Silêncio
Estamos silenciando alguns. Amanhã estaremos todos calados.
São tempos difíceis. Não podemos mais falar. Se não repetirmos incansavelmente os mantras da filosofia dos tempos difíceis, somos silenciados, calados, escurralhados.
Repitam, oh humanos esclarecidos: "tempos difíceis", "profissionais da saúde", "pessoal da linha de frente", "viva o SUS", "ciência". Esse último, inclusive, usado até a exaustão - por vezes de forma irresponsável e até manipuladora - como se ciência e cientista fossem a mesma coisa. Não: a ciência é infalível, o cientista é o oposto.
A ciência é o método. É a ferramenta criada pelos cientistas para os salvaguardarem de sua própria falibilidade, sua propensão ao erro e até mesmo sua ideologia e emoção. E salvo quando for para comemorar uma grande descoberta, a emoção é prejudicial ao cientista. E por isso a ciência está ali: para resguardá-lo de sua humanidade.
Mas são tempos difíceis. Nervos a flor da pele e uma guerra sócio-política usando os tempos difíceis como arma e a ignorância como campo de batalha. Tudo foi politizado e, nessa guerra, a lei marcial impede que palavras sejam ditas.
É compreensível - muito até - a incansável perseguição e silenciamento daqueles que não cantam os mantras dos tempos difíceis. Ao pensar que eles podem estar influenciando outras pessoas ao erro e, assim, colocando em risco todo o planeta, nada mais natural do que usar uma pitada de repressão para calá-los. Redes sociais proíbem o uso de expressões, governos mandam prender, a massa, intelectualizada pelos jornais e políticos escurralham os transgressores, os negacionistas e genocidas. E a "ciência" é o confiável embasamento para essas ações.
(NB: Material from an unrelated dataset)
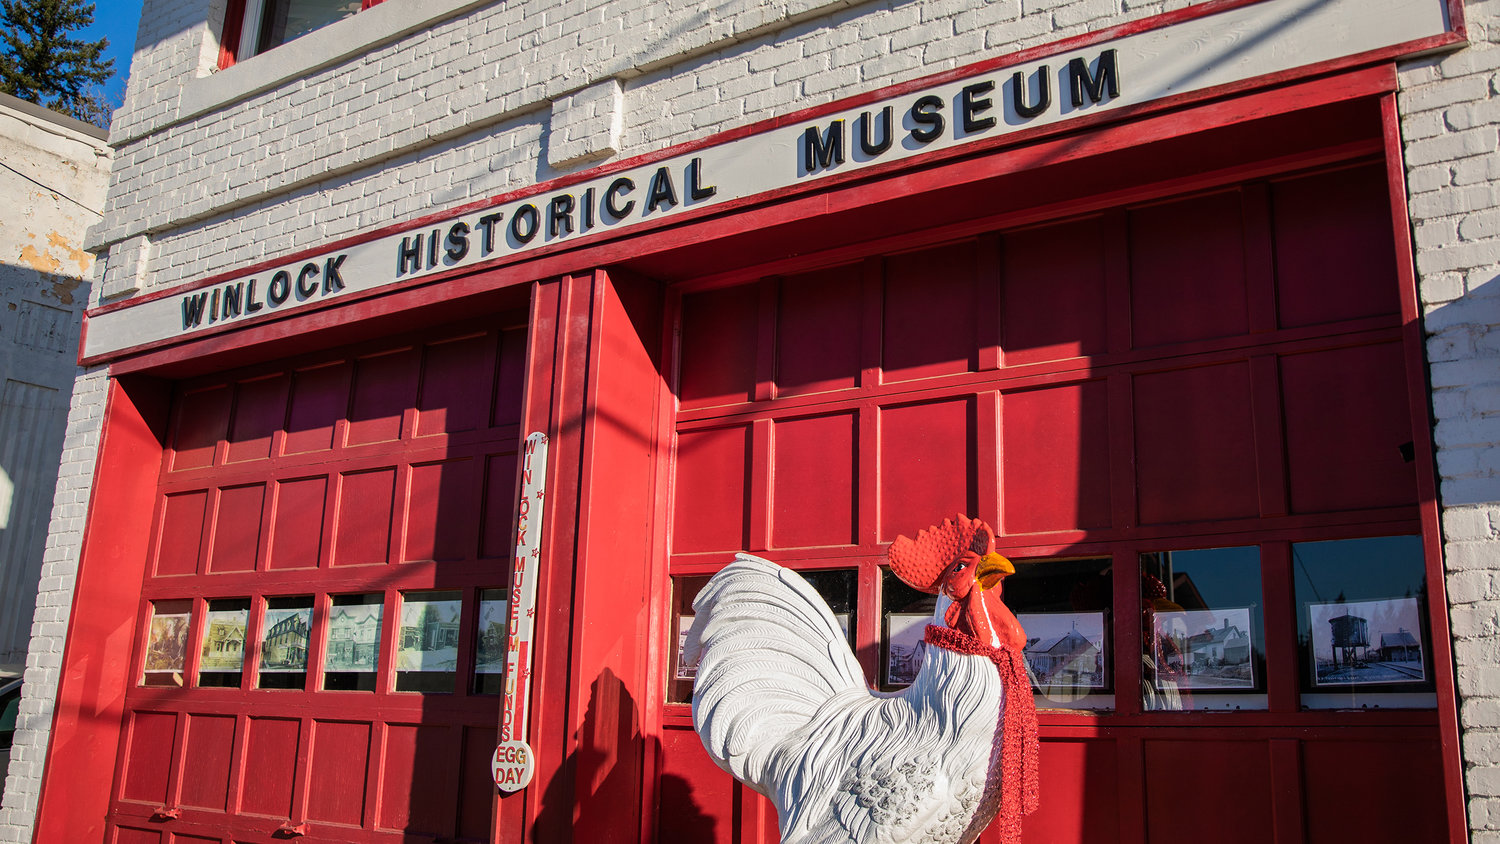 The Winlock Historical Museum is located at 400 NE 1st St. in Winlock.

Seja quem é que está certo, seja o argumento a ciência ou o cientista, seja o que for: calar as pessoas é algo muito sensível. Por mais correto que pareça, por mais justo que pareça, por mais cientificamente comprovado que pareça: calar as pessoas que questionam algo, pode trazer resultados e abrir precedentes para tempos mais difíceis ainda no futuro.
Sabemos que a palavra tem poder. Foi através de palavras acaloradas que Hitler subiu ao poder e levou o mundo para a guerra. E se ele tivesse sido calado? Na verdade a maioria dos ditadores chegam ao poder através da palavra. Esse seria o argumento perfeito para usarmos o "cala-boca" como ferramenta do bem. Mas não podemos esquecer que esses ditadores só continuaram no poder porque calaram a boca daqueles que falavam contra. E foram apoiados nessa repressão, foram inclusive auxiliados nela.
Ao instituir qualquer tipo de ferramenta para reprimir o mal, ela também será usada para reprimir o bem. É simples assim.
O questionamento, por mais idiota que pareça a você, não pode ser silenciado. A própria ciência vive do questionamento.
Se você for calar e proibir tudo que tem grande potencial de fazer o mal, matar muitas pessoas, espalhar fake news , levar grandes massas a acreditarem em algo sem nenhum embasamento científico e que movimentaria governos, decisões políticas, guerras e grandes divisões sociais, acho que você irá travar uma cruzada contra alguns bilhões de pessoas que seguem e pregam essa semente. Na verdade, você seria parte de uma minúscula minoria em meio a essa massa humana que se encontra para adorar um dragão na garagem.
Mas no argumento dos tempos difíceis, você talvez, faça parte da massiva maioria. A minoria prega o contrário, questiona, alguns até de forma idiota e com argumentos absurdos. Outros com argumentos interessantes, mas que podem acabar, de acordo com o que lhe foi pregado, prejudicando todos os demais.
A questão que coloco na mesa, então, é: vamos supor que você, em suas certezas, em sua realidade e em tudo que lhe foi pregado e ensinado, você soubesse que há uma pequenina chance de que você esteja errado. Bem pequena, mesmo. Mas existe. Você apoiaria a repressão e a censura contra quem questiona ou expressa o contrário?
Cuidado com sua resposta. Ela já criou muitos eventos catastróficos na história.